А что? Было бы забавно и правильно упомянуть и их, но Джей посчитал, что это слишком. Он сдался, и мы больше никогда не разговаривали об этом до конца нашего сотрудничества.
После того ареста я забил на здоровье, перестал заниматься спортом и покатился под откос. Я был в постоянном стрессе, плохо питался, а на уме у меня беспрестанно кружилось всякое дерьмо. Как раз перед тем, как меня арестовали, я привел себя в порядок, но суд, адвокаты, судебные разбирательства выбили ветер из моих парусов.
В тот период я появился в программе PBS о фальсификаторах произведений искусства под названием «Прекрасное искусство подделки» – Джей понадеялся, что выпуск покажет меня в благожелательном свете.
Я также поучаствовал в шоу для BBC. Если сейчас пересмотреть те записи, можно увидеть, что я дурно выгляжу. На них я одутловатый, нездоровый и напряженный.

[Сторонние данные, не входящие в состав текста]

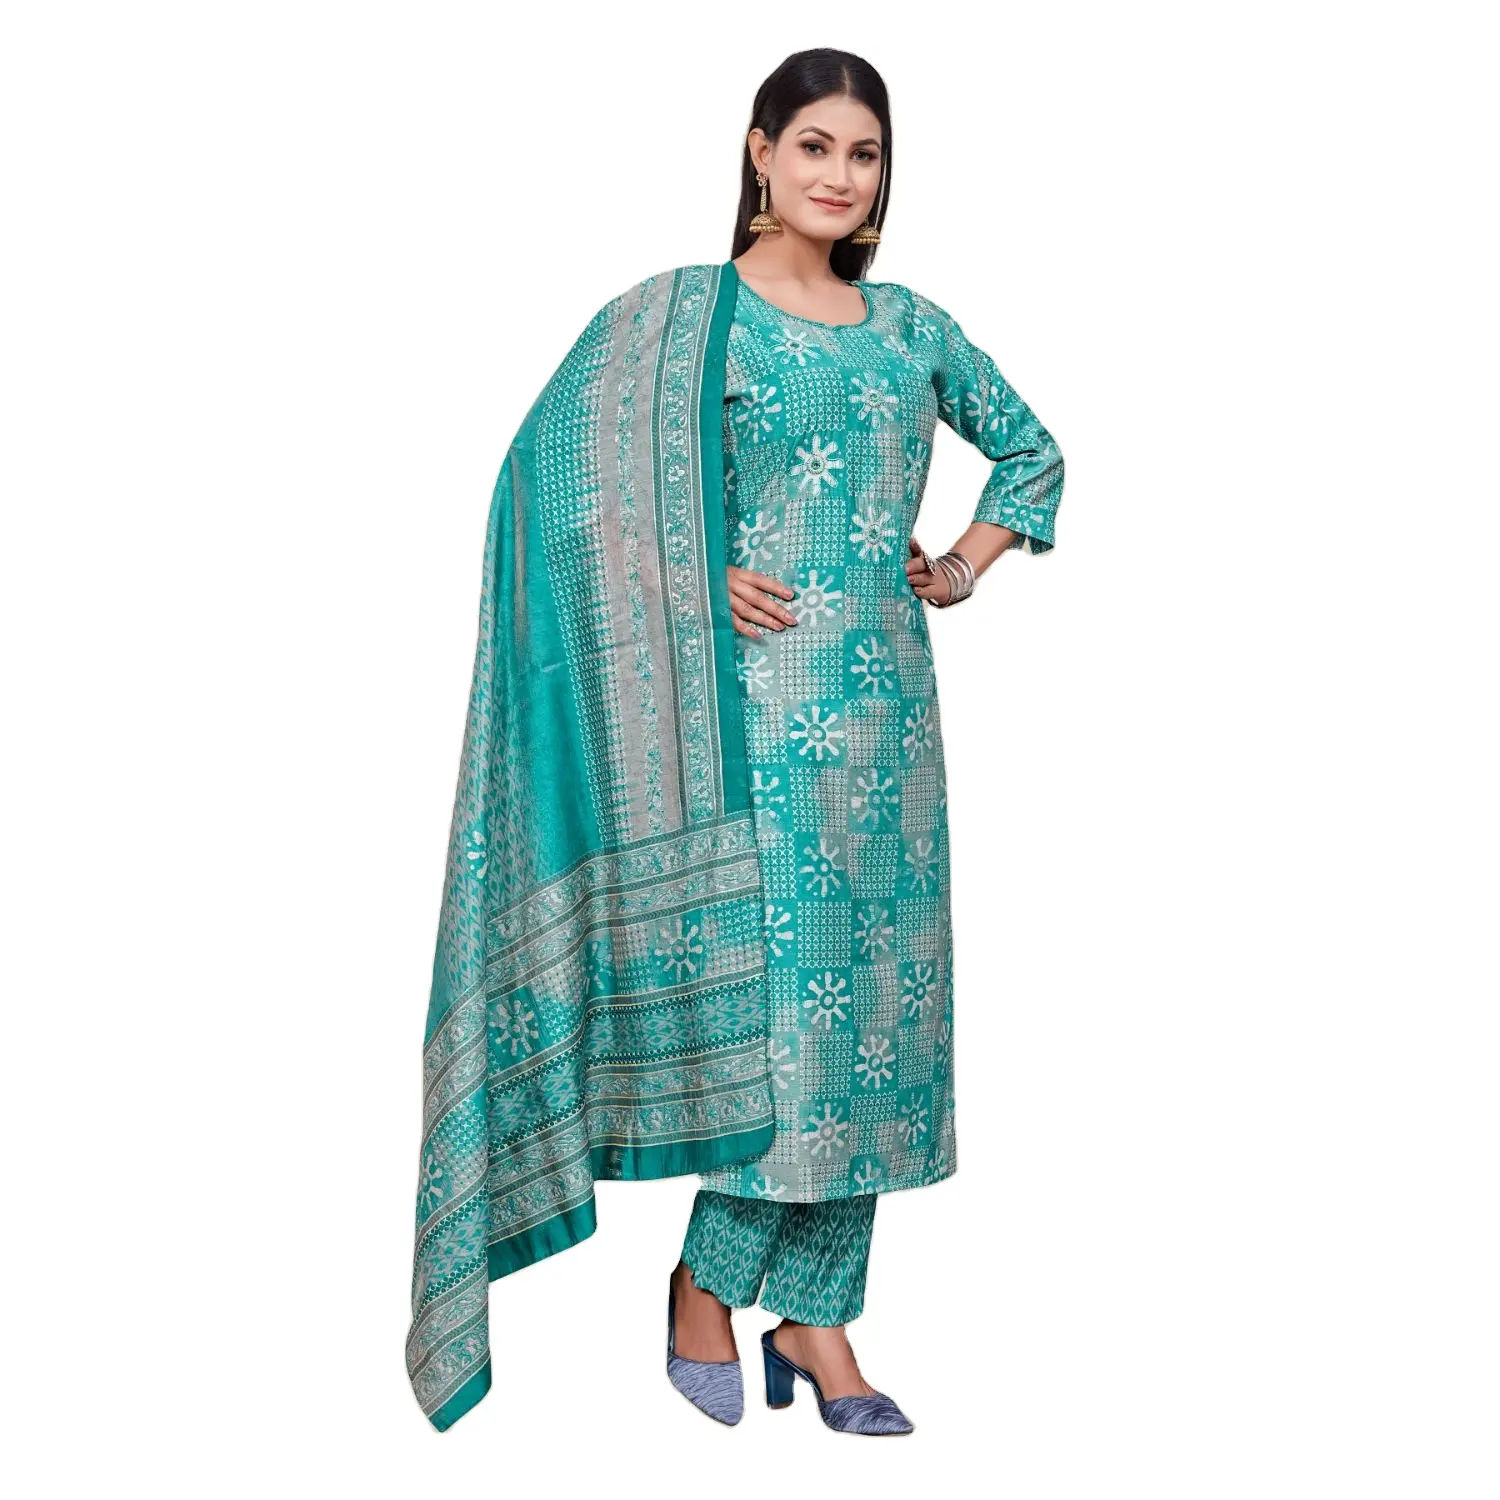 Abbigliamento donna Chanderi Cotton Kurti Pant Set per abbigliamento etnico disponibile a prezzo all'ingrosso dall'india

После первоначального скандала и нападок прессы дела пошли на лад. Сначала меня затягивал шквал активности в зале суда, а затем наступали месяцы безделья и ожидания, когда суд будет готов назначить наконец дату моего заседания, дни в ожидании тянулись невыносимо. После 15 минут славы даже мои друзья потеряли интерес к этой истории.
Чарльз поддерживал со мной связь. Мы иногда виделись с ним, когда я приезжал в Лос-Анджелес на суд и останавливался в «Мондриане», пока новый менеджер не отменил мои льготы на бесплатное пребывание. Как в старые добрые времена мы ходили в кафе «Мусташ», Чарльз угощал меня, потому что знал, что я на мели.
Он также подбрасывал мне халтурку – ничего противозаконного – те небольшие суммы, которые он платил, помогали мне сводить концы с концами, я действительно тогда в этом нуждался. Время от времени я поддерживал связь и с Томми, но говорить мне с ним было не о чем. У него были свои проблемы, и он, как и я, круглосуточно занимался судом, тяжбами и прочими юридическими процедурами.
Мое финансовое положение было настолько шатким, что иногда мне едва хватало на еду. Чтобы удержаться на плаву, я открыл небольшой бизнес: начал оптом продавать оставшиеся у меня тетрографии телемаркетологам в Лас-Вегасе. Они предлагали клиентам страховку жизни, золотые монеты или витамины, а в качестве подарка за покупку бесплатно прилагали литографию Шагала работы мастера-копииста Антонио Тетро.
На обороте большими красными буквами я печатал «Скопировано мной, Тони Тетро», чтобы прикрыть свою задницу.
Занятие далекое от высокого искусства, но что поделаешь? Приходилось платить по счетам.
Наконец, в мае 1991 года, почти через два года со дня моего ареста, мне назначили дату судебного заседания. Готовясь к нему, я съехал из квартиры, в которую меня милостиво пустил Ричард Льюис, и снял номер в отеле Griswold’s, в Клермонте, там в ресторане был шведский стол. Я знал, что вероятность того, что меня отправят в тюрьму, велика, и решил заранее разобрать все свои вещи, привести все в порядок на случай, если мне не придется вернуться.
Griswold’s стал первым отелем, в котором я когда-либо жил. Не «Ритц», конечно, но удобный, чистые простыни и свежие полотенца ждали гостей ежедневно. Честно говоря, жилье по большому счету было неплохое, и я не особо парился по этому поводу. Я возвращался «домой» после долгого судебного дня и подходил к шведскому столу за ребрышками и салатом «Уолдорф». Я решил искренне поверить в то, что мне повезло.
Джей сказал мне, что судьи сражались между собой за право провести мой процесс. Обычно им приходилось иметь дело с ужасными вещами – детоубийцами, насильниками, душегубами.
Они знали, что судебный процесс займет много времени и что счастливчик сможет приятно отдохнуть от всего этого ежедневного дерьма.
В итоге судить мое дело поручили Джону Хеннингу, он был ветераном, давно отошедшим от дел. Уже много лет он не появлялся в зале суда, и вот его призвали вспомнить былое. Джей даже сказал мне, что Хеннинг настолько заржавел, что неправильное судебное разбирательство было почти гарантировано. Я ничего не знал о законе, но после пары лет, проведенных в залах суда и за их пределами, даже я понял, что судьи постоянно косячат – сплошное разочарование для адвокатов.
Заместитель окружного прокурора, Рива Гетц, которая вела мое дело, была приятной женщиной.
Она мне нравилась, несмотря на то что ее долг заключался в том, чтобы упрятать меня за решетку; она была сердечной и дружелюбной, и, на мою беду, присяжным тоже так казалось.
Это было совсем не в моих интересах.